Just when it was thought that smartphones could not get any thinner, Caltech engineers just had to be creative and muck everything up. By creating a camera technology that does not require a lens, these Brainiacs basically gave smartphone creators license to make even more anorexic devices than ever before. Then again, ugly bulges won’t be a problem anymore, so that’s a plus.
Using special sensors and a custom software, the Caltech engineers basically created a camera design that replicates the same light-capturing effect of lenses of digital cameras, PC Mag reports. It’s basically a smaller version of something called a phased array, which radar and wireless antennae technology employed.

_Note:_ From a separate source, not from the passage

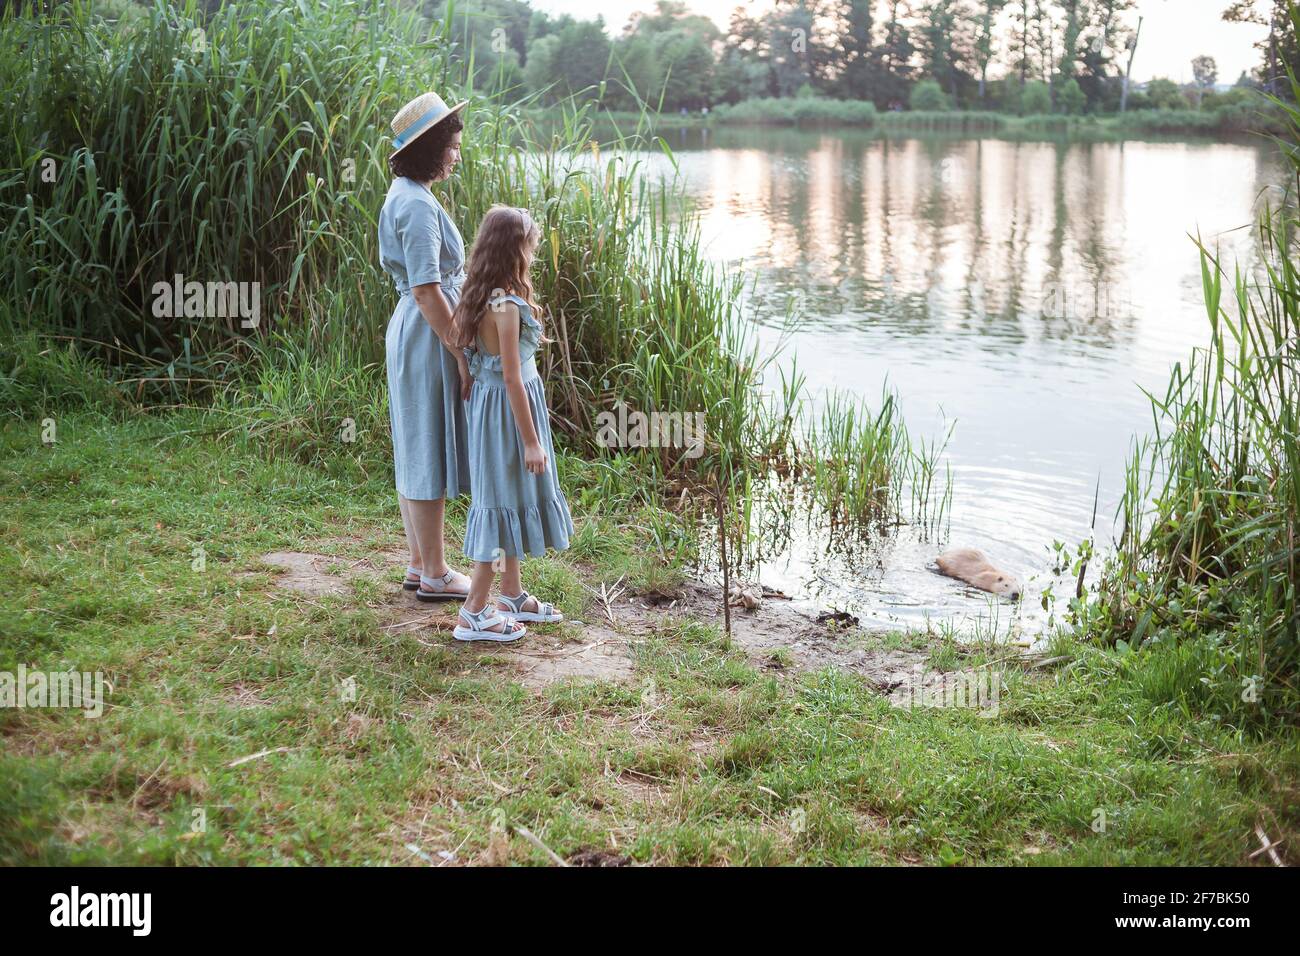 Una ragazza si trova sulla riva del lago e. guarda la nutria nell'acqua Foto Stock

In the university newsroom piece, Ali Hajimiri, a professor of electrical engineering at Caltech explained how the system works.
"We've created a single thin layer of integrated silicon photonics that emulates the lens and sensor of a digital camera, reducing the thickness and cost of digital cameras,” Prof. Hajimiri said. “It can mimic a regular lens, but can switch from a fish-eye to a telephoto lens instantaneously—with just a simple adjustment in the way the array receives light."
On that note, this camera technology is no guarantee of adoption. What customers want from their smartphone cameras is clarity and quality, more than anything else. If the lens-less camera that Caltech engineers created is unable to provide the crisp images that today’s iPhone and Samsung Galaxy can capture, it will be of no use to Apple or any other company.
According to the researchers, this is exactly what they are planning to do for the next phase of the project, CNET reports. By improving the resolution of the images that the ultrathin camera can capture, there might be a place for it in the manufacturing process of the smartphones of the future.